Trouver une population que tout le monde veut protéger et sur laquelle l'erreur est impensable : les enfants. /4
Du coup, nous voici devant une immense polémique sur les conséquences sociales et médicales du masque chez l'enfant qui diminue leurs défenses immunitaires, qui détruit leur développement et décuple les symptômes anxio-dépressifs. /5
On voit même fleurir des vidéos de gens totalement tarés qui mesure la saturation au doigt avec n'importe quel appareil et dans n'importe quelles conditions de plusieurs dizaines d'enfants en criant comme des mabouls dès que le capteur capte mal. /6
On se retrouve donc avec des photos ou vidéos de gamins qui ont 82% de saturation mais qui sourient et sont tout roses pour l'occasion. Un « exploit » que seuls certains enfants cardiopathes pourraient accomplir sans sourciller en réalité. /7
Et puis vas-y que je te publie des articles sur des enfants qui ne savent plus sourire avec le masque, sur des enfants ultra-anxieux incapables de socialiser, sur des enfants qui sont de plus en plus faibles physiquement et mentalement. /8
La réalité, elle, est tout autre.
Aux urgences pédiatriques, je vois des dizaines (voir des centaines) d'enfant par semaine. Depuis le début de l'épidémie, je n'y constate aucune conséquence du masque et une différence évidente s'impose rapidement à mes yeux. /9
Plus l'enfant en face de moi a un parent qui insiste sur le masque, son inconfort et ce qu'il entraîne et plus l'enfant est nerveux, mal à l'aise et inconfortable.
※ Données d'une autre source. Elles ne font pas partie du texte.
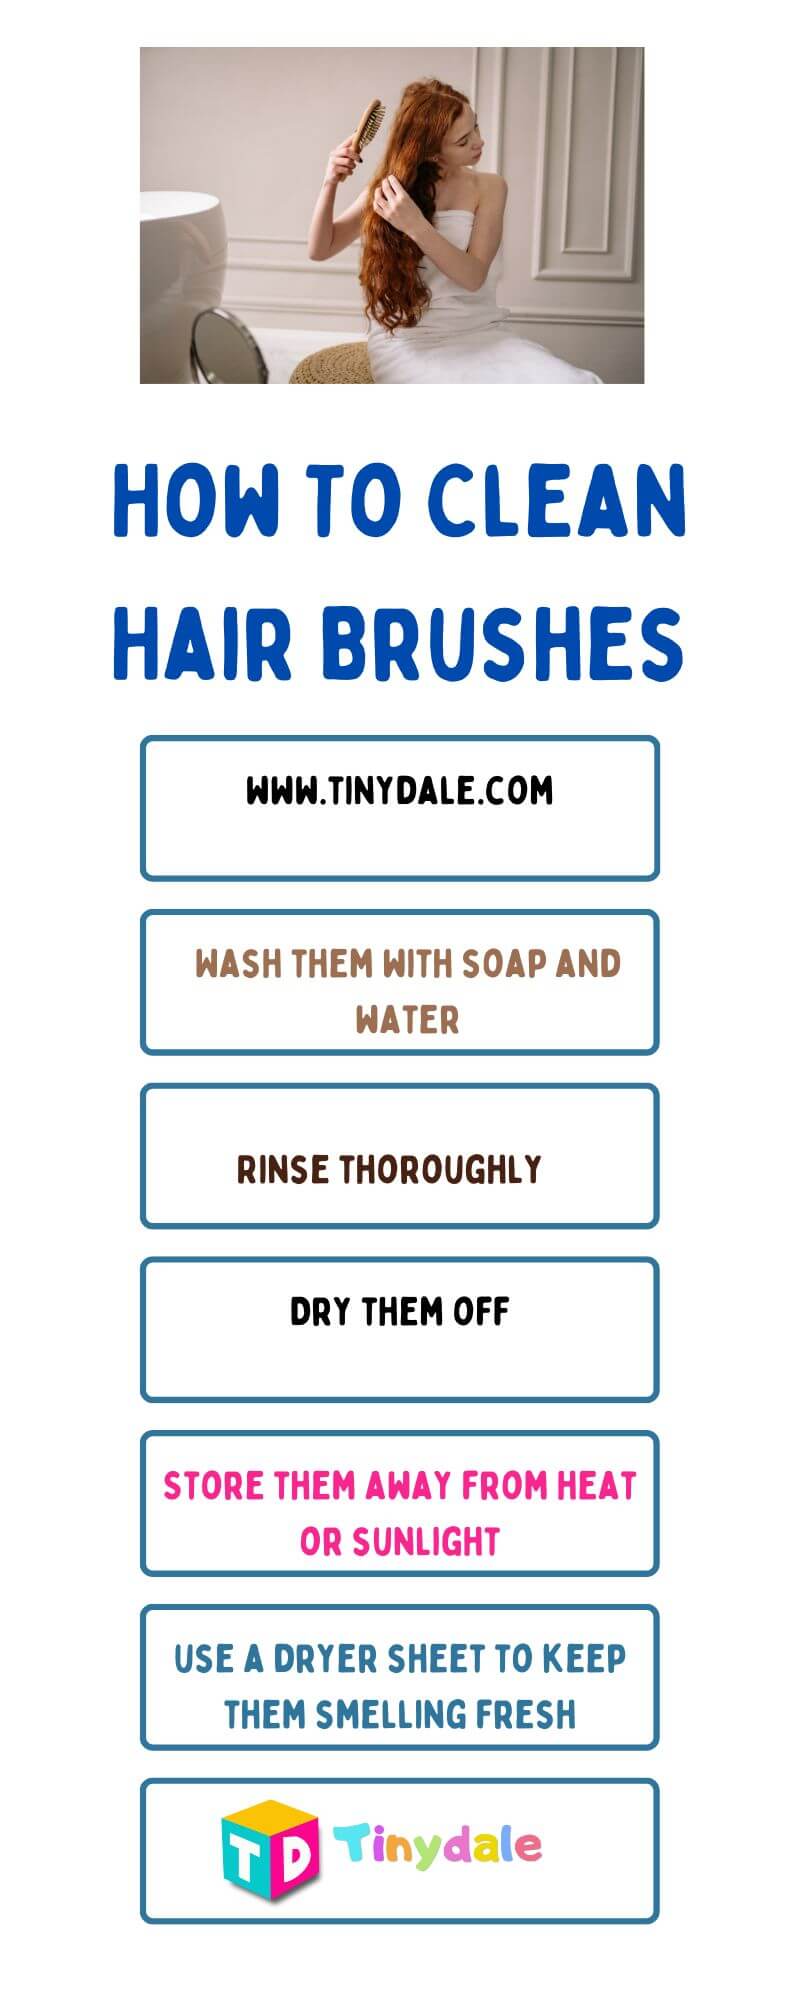 How To Clean Hair Brushes in 5 steps infographics

Au contraire, un parent qui a bien expliqué l'intérêt du masque et son principe à l'enfant n'a aucun problème. /10
Ce qu'il se passe, de façon attendue et évidente, c'est que plus un parent est stressé sur le masque et la pandémie, sur tout ce qu'il lit et transmet, et plus l'enfant absorbe comme une éponge, et plus il va mal.
Les enfants sont des éponges émotionnelles, toujours. /11
Côté saturation aussi les choses sont loin d'être ce qui est rapporté ici ou là et strictement aucun des milliers d'enfants passés aux urgences depuis le début de la pandémie n'a désaturé sur un port de masque. Même les asthmatiques. Hé oui. /12
Cela veut-il dire pour autant que nous sommes joie de faire porter le masque aux enfants pour leur sécurité et surtout celle de leur entourage, bien sûr que non. Mais la santé publique et le virus se foutent bien de nos aspirations émotionnelles. /13
Avec l'arrivée de la vaccination, on voit ressurgir les mêmes angoisses, les mêmes idioties, avec des enfants qui seraient des cobayes, qui auront de terribles conséquences, qui n'ont aucun intérêt à se vacciner. Nous serions des monstres. /14
Pourtant, la vaccination des enfants contre la CoVid est sûr et aucun signal d'alarme n'a retenti sur les millions d'enfants vaccinés de par le monde. Aucun.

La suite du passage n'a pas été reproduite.